Background The COVID-19 pandemic has led to profound shortages in personal protective equipment worldwide. The availability of filtering facepiece class 3 (FFP3) respirators could be greatly increased if they could be reused after sterilisation.
Aims To determine the effects of repeated autoclave cycles on the fit and filter function of the 3M 1863 FFP3 disposable respirator.
Methods Participants underwent fit tests with 3M 1863 FFP3 respirators. Respirators were subjected to autoclave cycles and a repeat fit test was conducted after each cycle until failure. The filter function of both unused and autoclaved respirators was determined by quantitatively assessing the differential pressures and filter penetration of aerosolised sodium chloride particles. Mask structural inspection was also carried out by light microscopy.
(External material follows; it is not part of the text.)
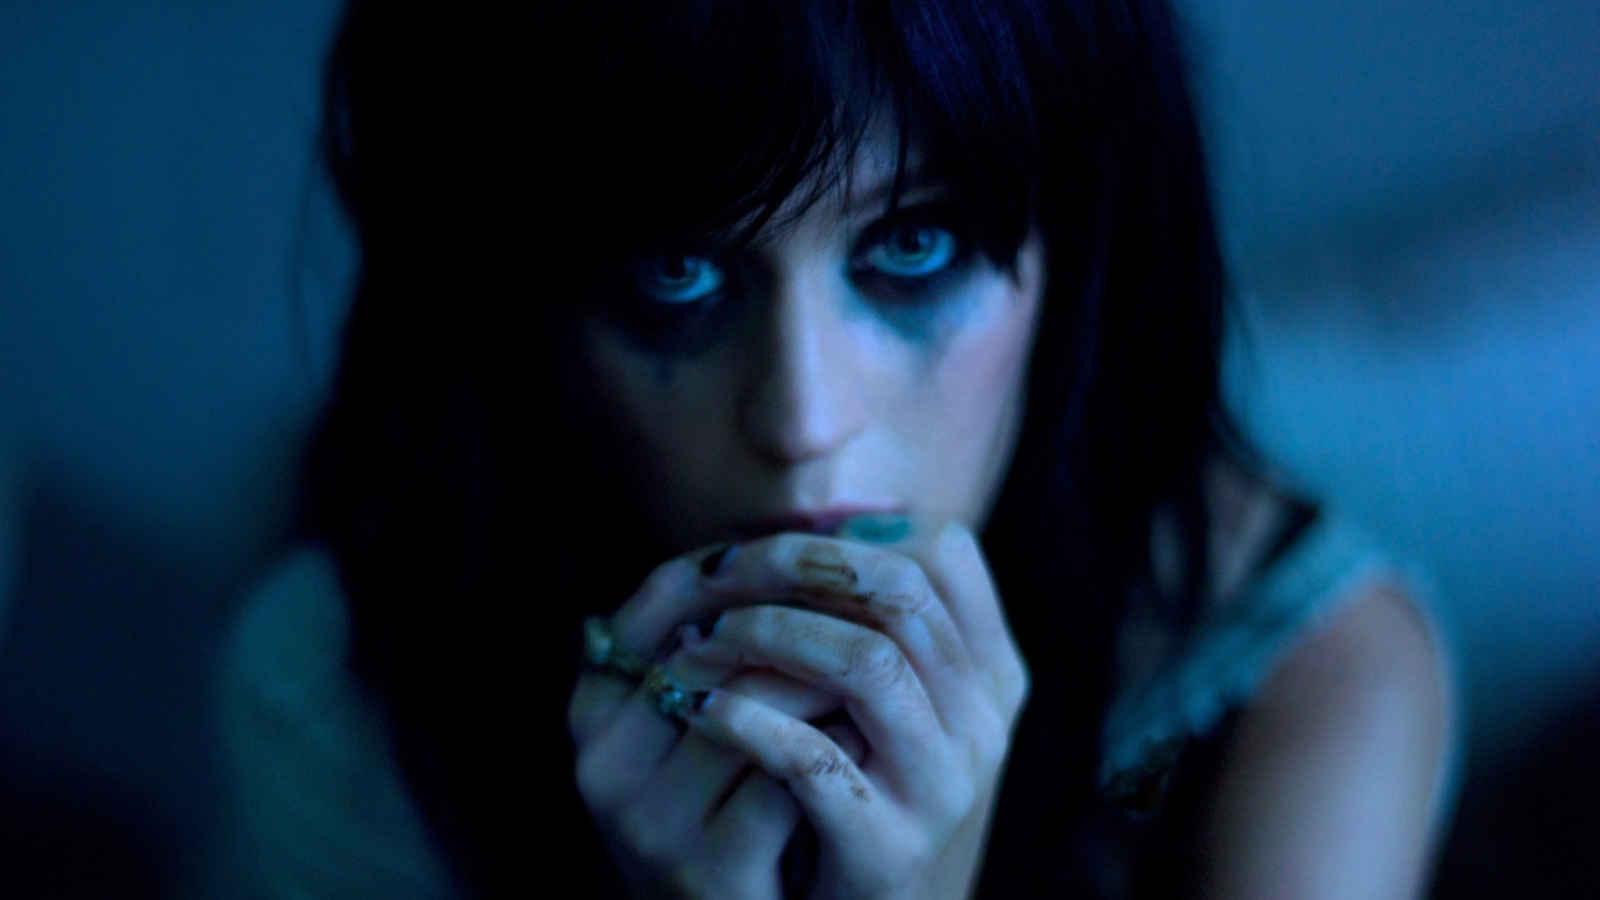 Katy Perry - The One That Got Away wallpaper 1600x900

Results A total of 38 participants were recruited. Repeat fit testing with a new respirator was passed by 30 of 38 (79%) participants in comparison with 31 of 38 (82%) of participants after the respirator had undergone one autoclave cycle. There was fit test failure with further rounds of autoclave. There was no evidence of structural changes after one autoclave cycle, but the nose foam began to separate from the mask following further cycles. Filter efficiency of all 15 autoclaved respirators that underwent filter testing was 97.40% or more. Differential pressure (breathability) of respirators was unaffected by autoclaving.
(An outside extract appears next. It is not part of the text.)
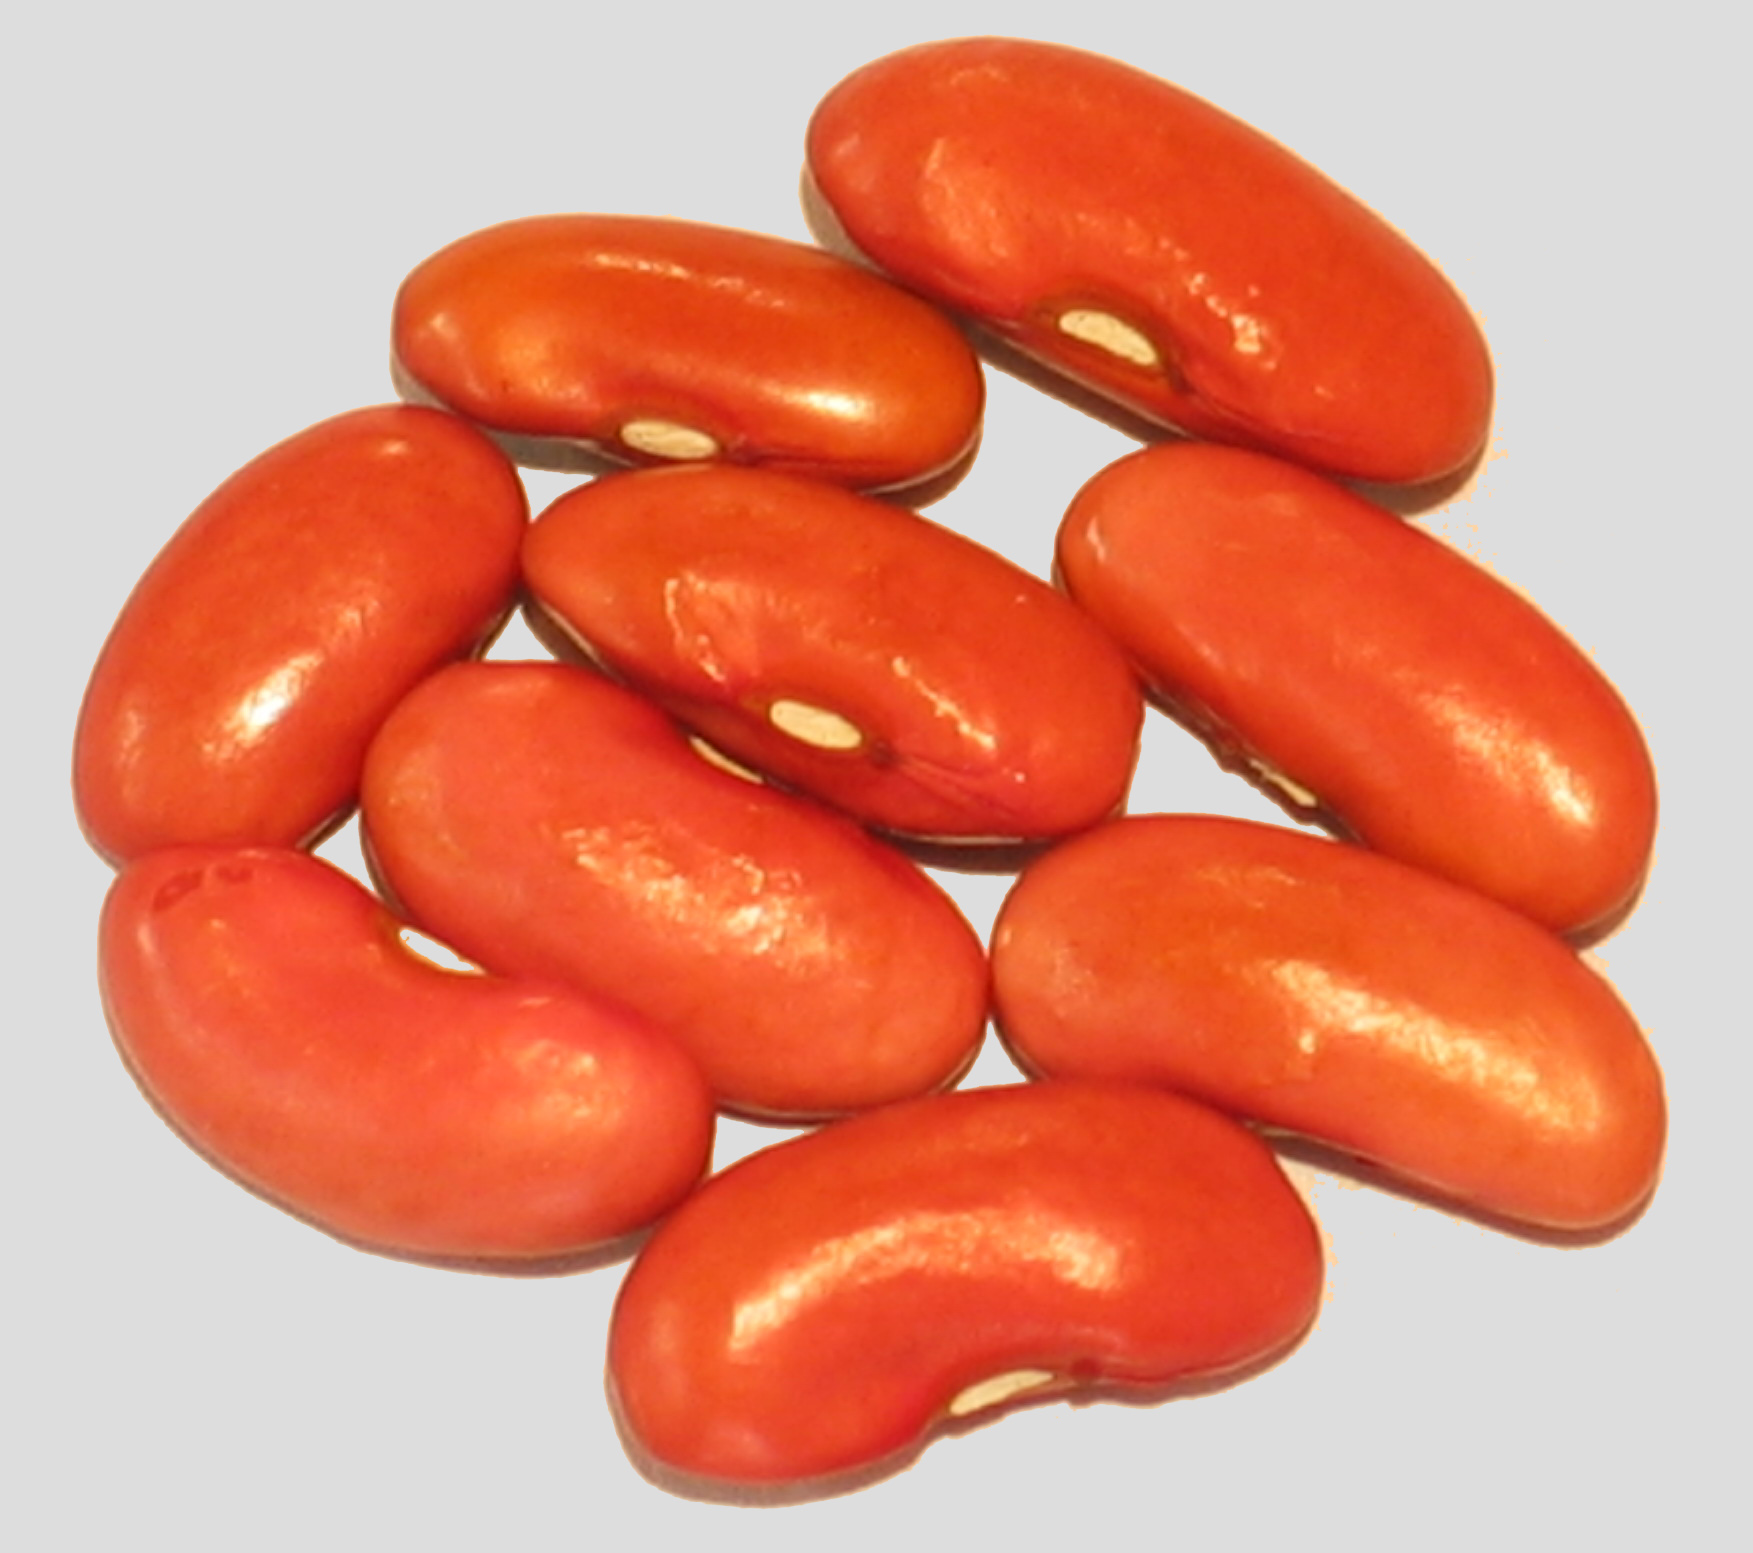 image of Louisiana Red Kidney beans

Conclusions 3M 1863 FFP3 respirator retains good fit and filter function after a single autoclave cycle. Addressing nose foam separation and further testing to EN149 standards would be required before respirators could be considered for reuse.
- health services research
- healthcare quality
- and evaluation
- virus diseases
Data availability statement
Data are available upon reasonable request. The datasets generated during the current study are available from the corresponding author on reasonable request.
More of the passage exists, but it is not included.